Someone, I think it was Russ, suggested we start as soon as we arrive on the Friday night “when we’re tired, like in the race.” This is a cracking plan in a mad sort of way. We’re training for a five day, non-stop event so why not start knackered? So that’s the plan. We arrive Brenscombe on Friday evening, kit up and head out hiking. Four or so hours later, at the witching hour of 2am, we’ll pit-stop back at base to switch to the bikes. Then, as dawn and high tide make their timely appearance, we’ll be into the boats and off round Poole Harbour mixing in some orienteering on the way. An easy 15 hours of work before the Centre’s finest unleash us on their team building challenges. And then finally, 18 hours in, we’ll be done and it’ll be twelve hungry racers who gently defrost for dinner chez Brenscombe.

 

Question is though will this be enough to light a fire under our training? For me, yes.

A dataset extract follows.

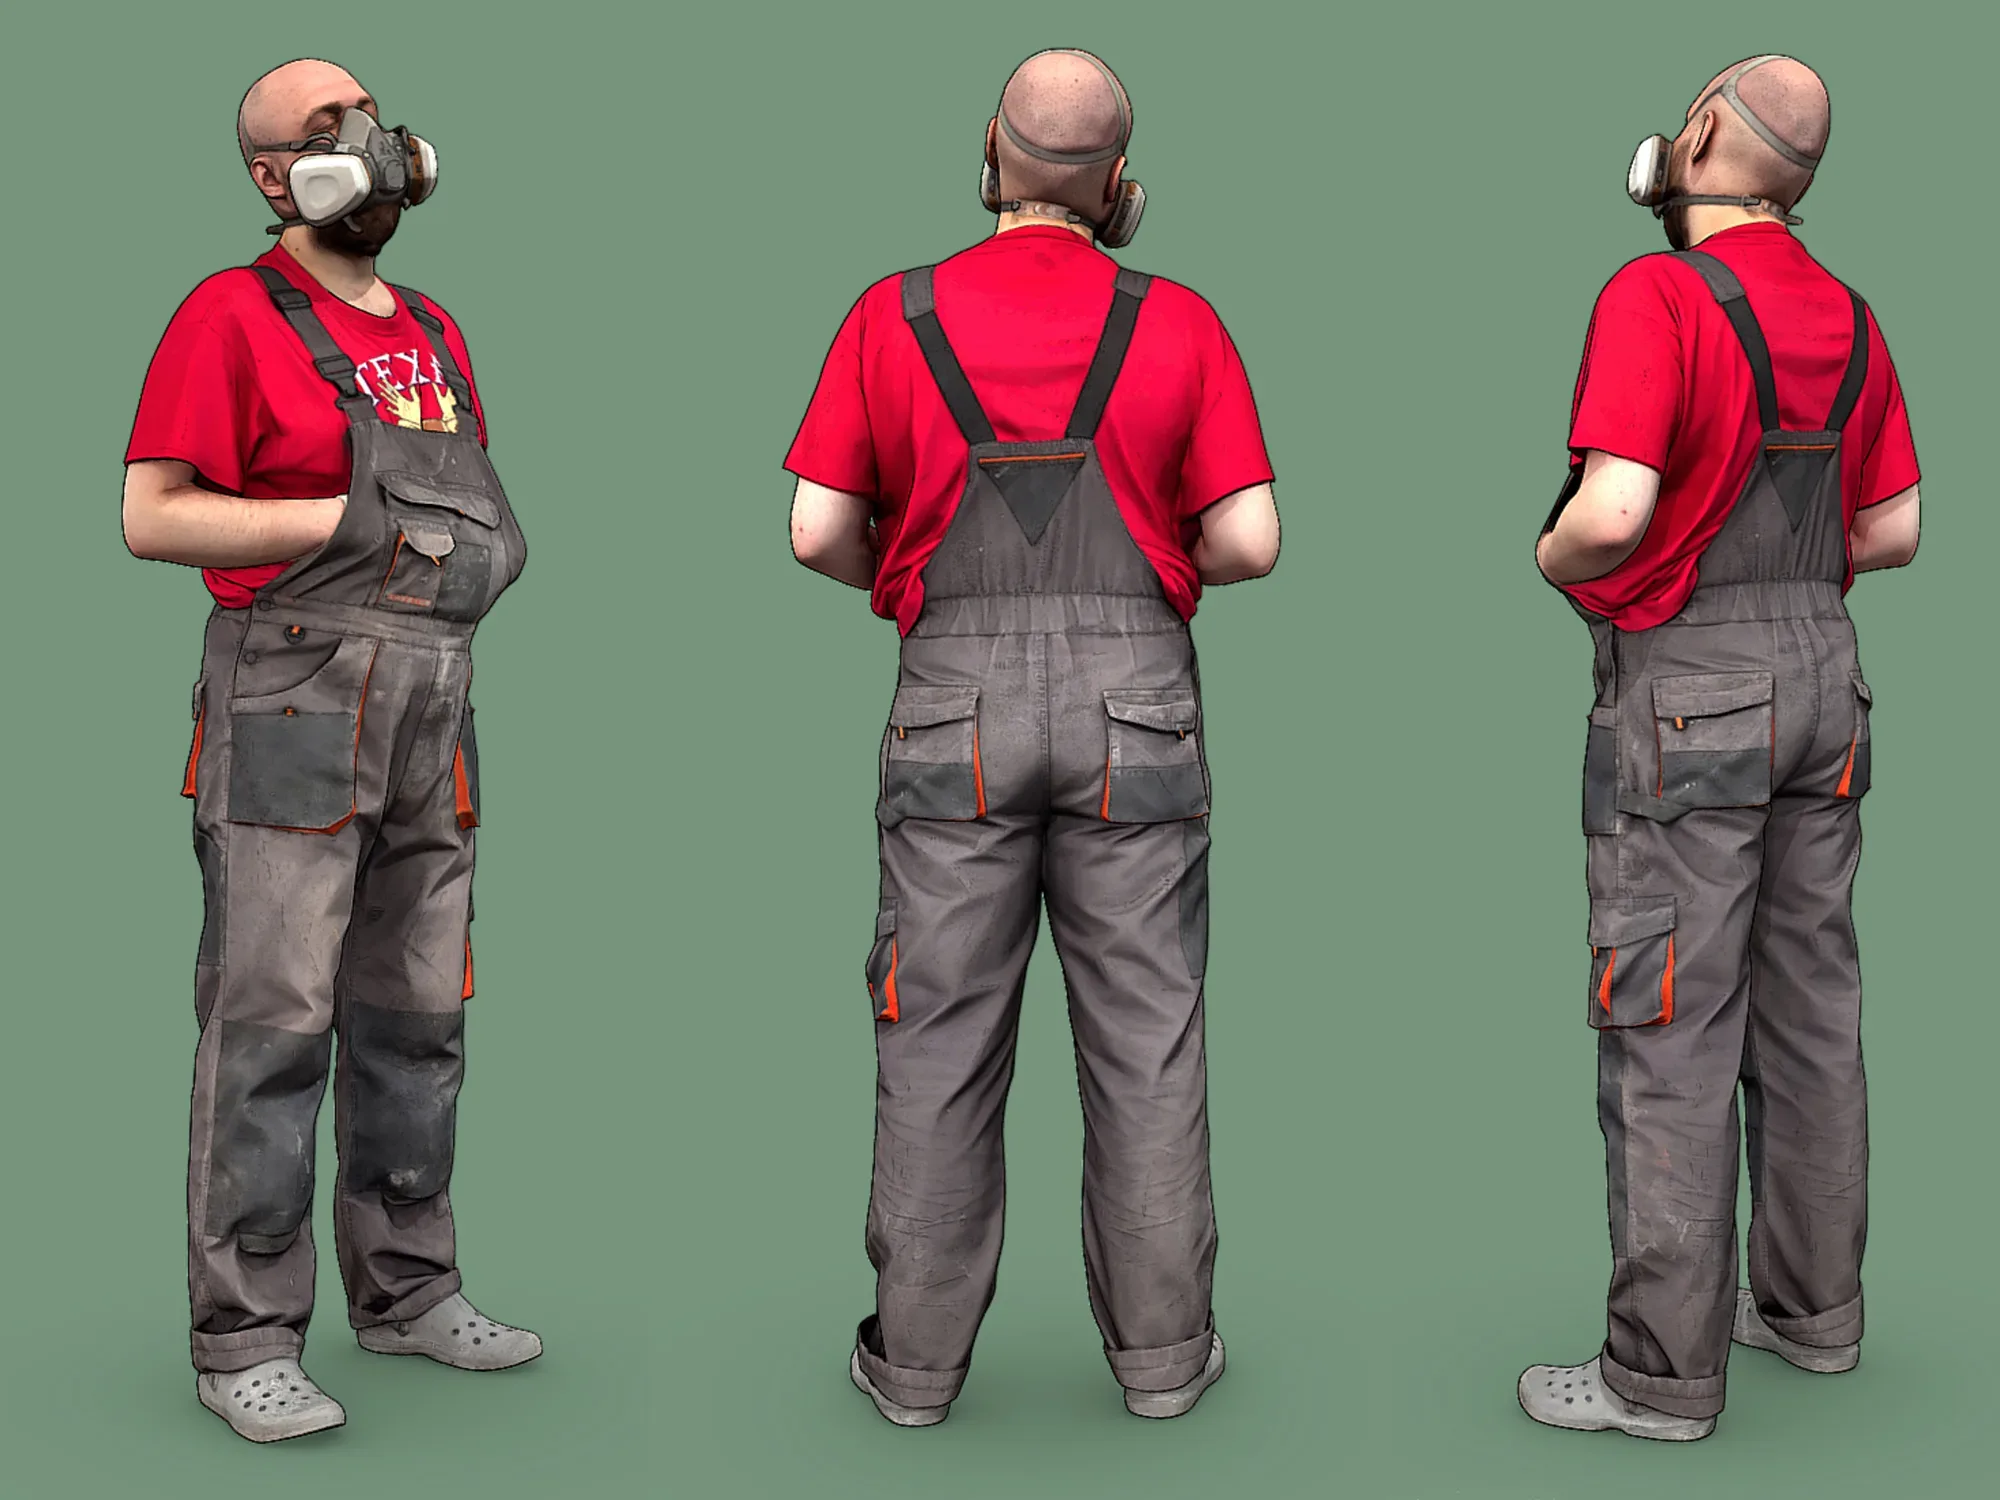 Stylized Bald Worker in a Respirator model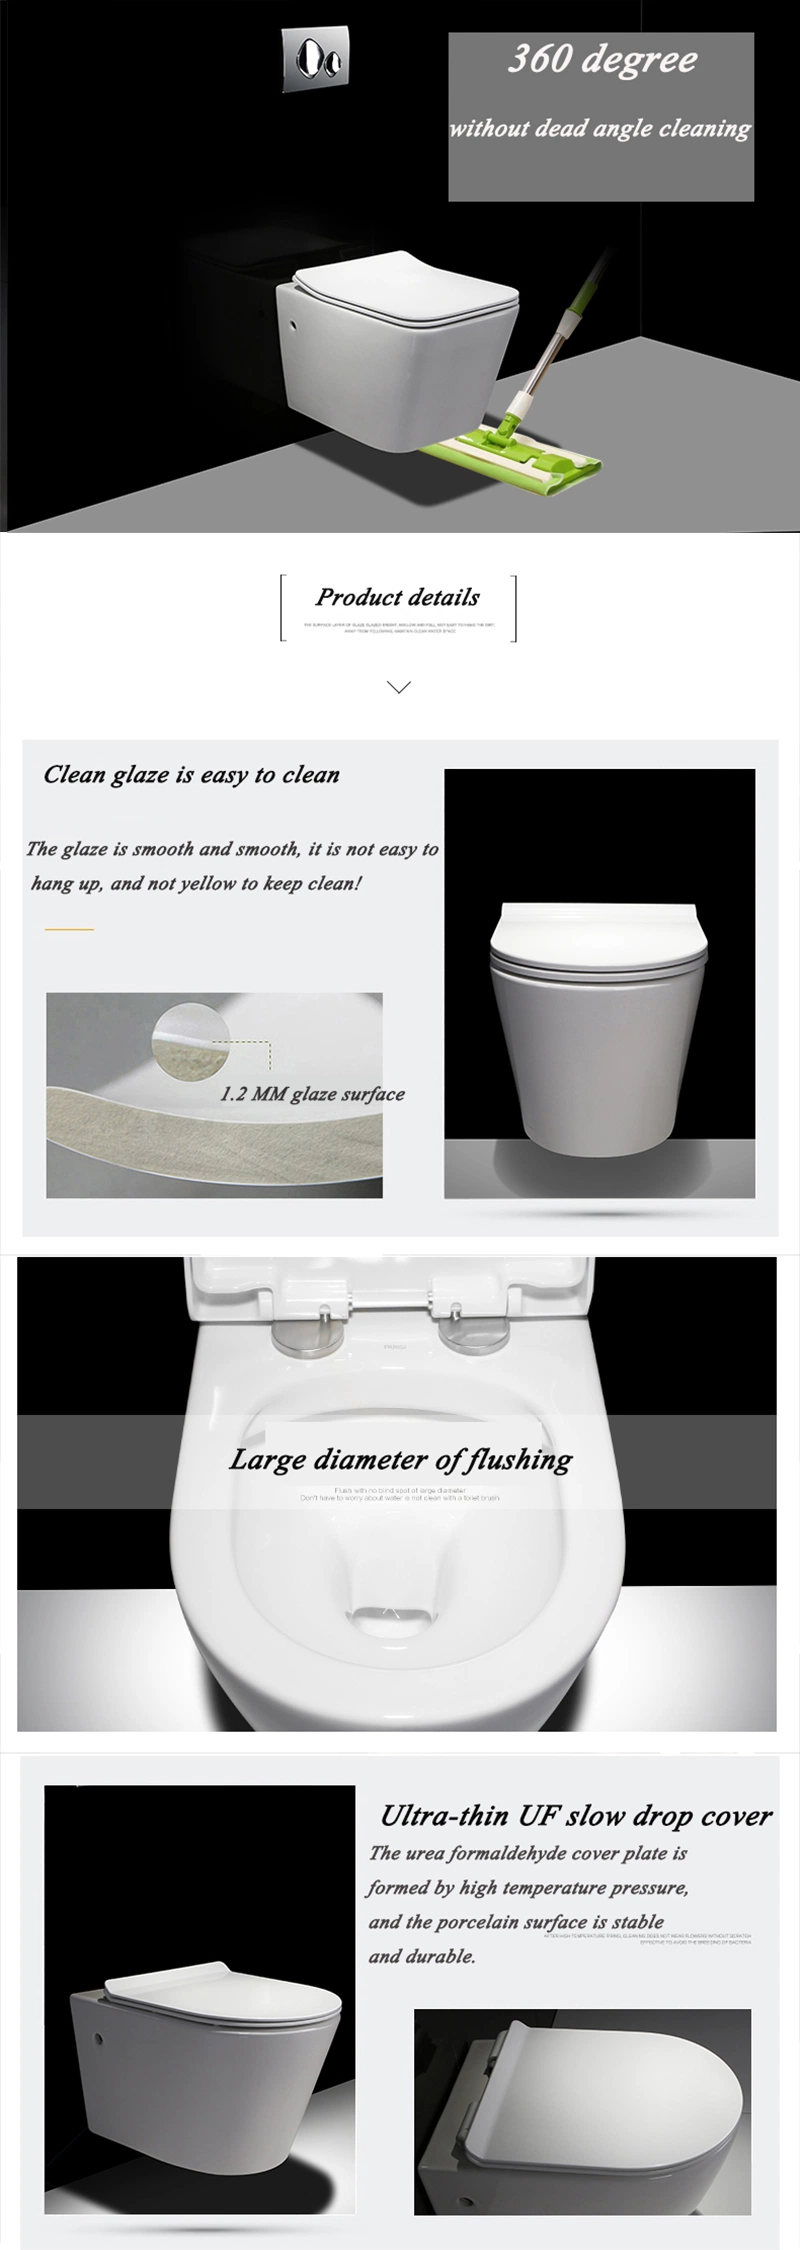 Guangdong Bathroom Factory Price Concealed Flush Tank Floor Mounted Easy Clean Glazed Toilet (BC-2380)

There is no doubt it will hurt and every certainty I will be happy to finish. Above that though will be the enjoyment of tearing around with a bunch of friends and pushing each other to the limit. I am hopeful too that the plan will be challenging enough, but not too much. Time will tell!

 

George Neville-Jones

December 2011

 

Tri-Adventure, Camracers and friends are training in January, nominally at Brenscombe Outdoors Centre in Dorset, but mainly in the surrounding countryside, as is the way with this sort of thing.